§ TASK DESCRIPTION
Starting at the line with "Formel 1 - Sakhir-GP, Qualifying: Valtteri" and going on through the line with "Lineol Elastolin Soldat", reproduce each line in the records below exactly and nothing more.

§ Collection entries

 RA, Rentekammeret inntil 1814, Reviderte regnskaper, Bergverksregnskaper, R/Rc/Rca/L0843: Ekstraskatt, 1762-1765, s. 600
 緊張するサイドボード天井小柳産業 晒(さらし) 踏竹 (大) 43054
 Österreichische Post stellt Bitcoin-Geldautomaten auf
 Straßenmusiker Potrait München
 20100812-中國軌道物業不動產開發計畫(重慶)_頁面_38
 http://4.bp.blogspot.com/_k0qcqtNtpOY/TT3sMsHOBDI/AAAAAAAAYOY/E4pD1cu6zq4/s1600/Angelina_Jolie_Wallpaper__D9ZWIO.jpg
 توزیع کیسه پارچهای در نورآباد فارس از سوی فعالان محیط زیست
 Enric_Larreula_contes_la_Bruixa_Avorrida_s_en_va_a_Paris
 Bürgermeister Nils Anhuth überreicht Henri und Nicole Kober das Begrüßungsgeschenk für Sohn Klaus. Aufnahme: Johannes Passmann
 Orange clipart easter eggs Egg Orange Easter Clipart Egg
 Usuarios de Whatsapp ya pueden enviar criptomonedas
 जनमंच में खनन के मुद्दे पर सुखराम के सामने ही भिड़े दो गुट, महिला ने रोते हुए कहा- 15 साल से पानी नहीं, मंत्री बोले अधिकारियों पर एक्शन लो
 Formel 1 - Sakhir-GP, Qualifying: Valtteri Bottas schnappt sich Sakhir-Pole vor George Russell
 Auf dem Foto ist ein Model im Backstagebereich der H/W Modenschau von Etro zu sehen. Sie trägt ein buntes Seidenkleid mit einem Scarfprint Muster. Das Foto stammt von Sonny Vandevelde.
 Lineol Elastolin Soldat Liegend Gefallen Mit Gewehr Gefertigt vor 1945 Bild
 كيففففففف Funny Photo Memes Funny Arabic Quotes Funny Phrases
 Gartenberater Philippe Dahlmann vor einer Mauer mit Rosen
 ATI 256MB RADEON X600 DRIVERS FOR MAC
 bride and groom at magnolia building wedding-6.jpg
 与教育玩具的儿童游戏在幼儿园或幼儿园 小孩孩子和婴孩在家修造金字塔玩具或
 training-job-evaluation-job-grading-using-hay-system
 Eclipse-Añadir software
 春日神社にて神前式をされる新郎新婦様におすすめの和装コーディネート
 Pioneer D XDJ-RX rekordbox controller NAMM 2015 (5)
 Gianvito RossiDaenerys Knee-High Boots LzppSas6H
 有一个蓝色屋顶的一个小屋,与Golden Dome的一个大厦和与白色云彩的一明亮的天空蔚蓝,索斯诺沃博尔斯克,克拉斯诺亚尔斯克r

§ YOUR SOLUTION
 Formel 1 - Sakhir-GP, Qualifying: Valtteri Bottas schnappt sich Sakhir-Pole vor George Russell
 Auf dem Foto ist ein Model im Backstagebereich der H/W Modenschau von Etro zu sehen. Sie trägt ein buntes Seidenkleid mit einem Scarfprint Muster. Das Foto stammt von Sonny Vandevelde.
 Lineol Elastolin Soldat Liegend Gefallen Mit Gewehr Gefertigt vor 1945 Bild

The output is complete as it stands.